#### [WORK TO BE COMPLETED]
When you reach the line in the listing below that contains "Kim Kardashian Wallpaper", begin returning lines exactly as written, and stop after the line that contains "Polynesian Pattern With". Return no other lines.

#### [PROVIDED MATERIAL]
---*---

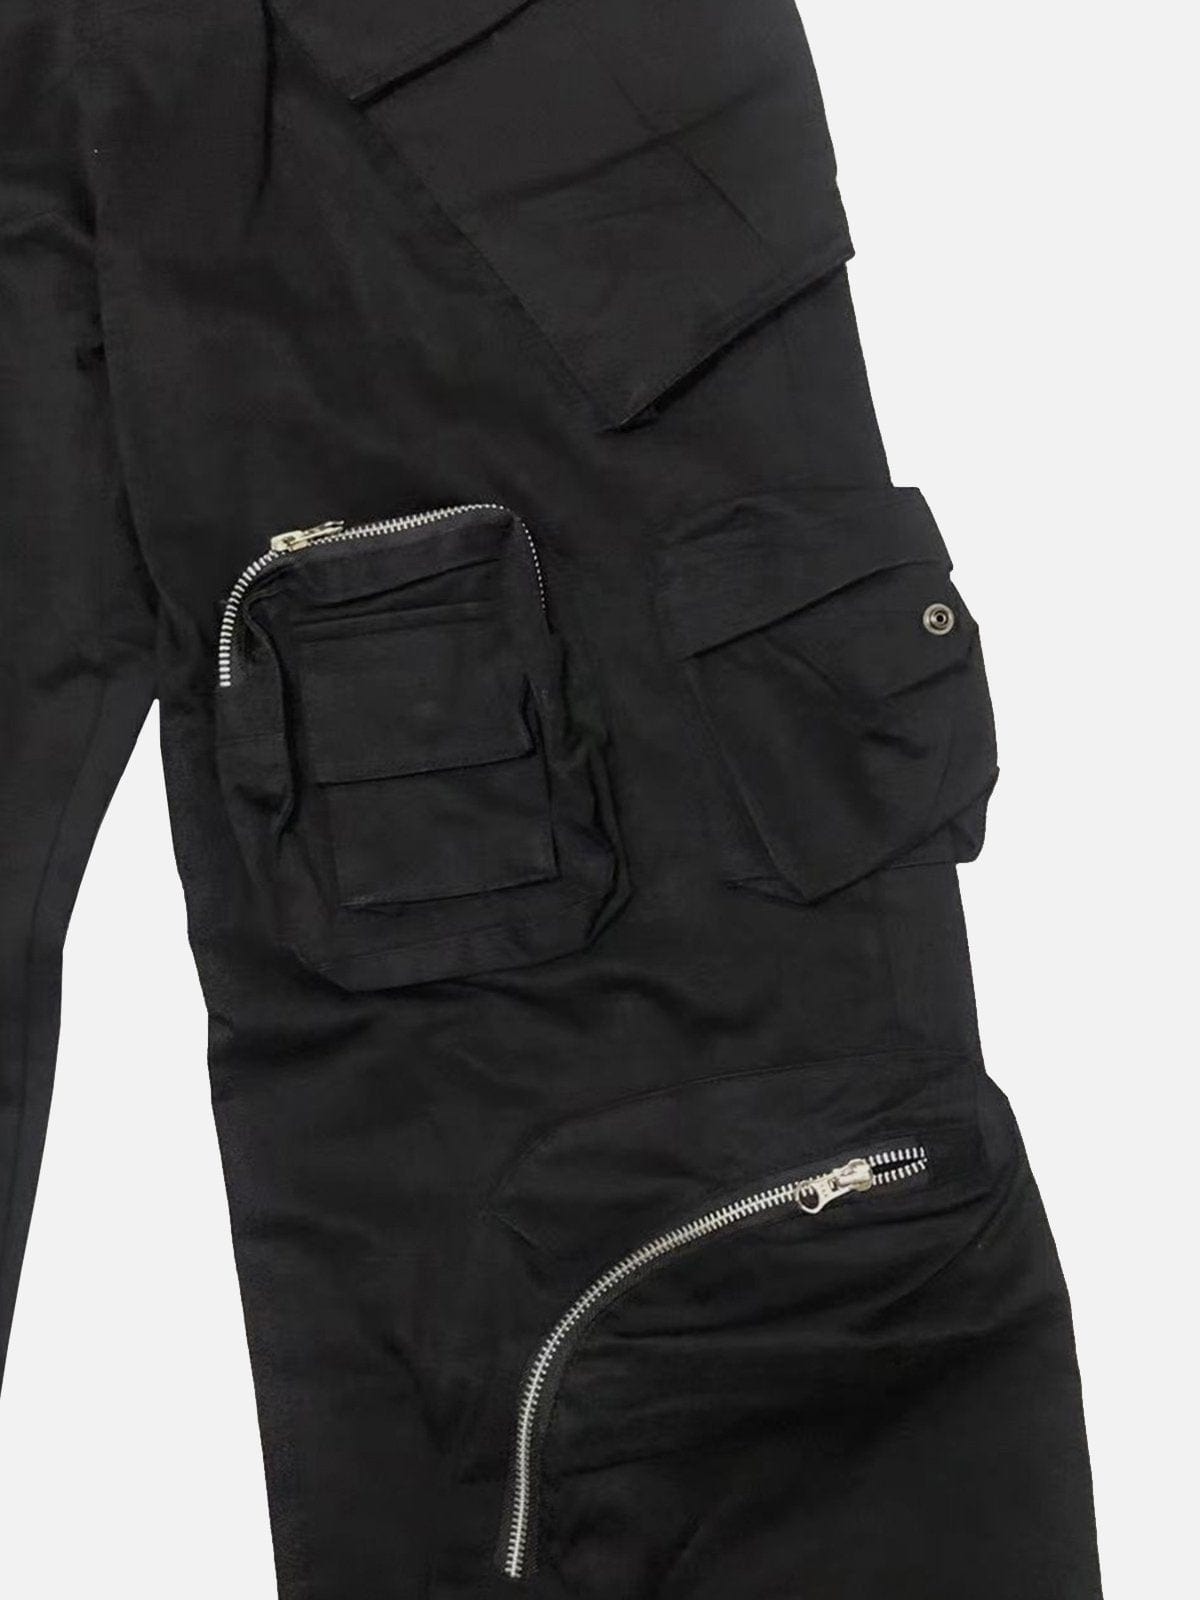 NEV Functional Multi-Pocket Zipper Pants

---*---

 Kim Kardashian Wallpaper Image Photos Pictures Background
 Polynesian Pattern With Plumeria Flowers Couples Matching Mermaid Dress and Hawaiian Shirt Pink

---*---

#### [WRITTEN ANSWER]
 Kim Kardashian Wallpaper Image Photos Pictures Background
 Polynesian Pattern With Plumeria Flowers Couples Matching Mermaid Dress and Hawaiian Shirt Pink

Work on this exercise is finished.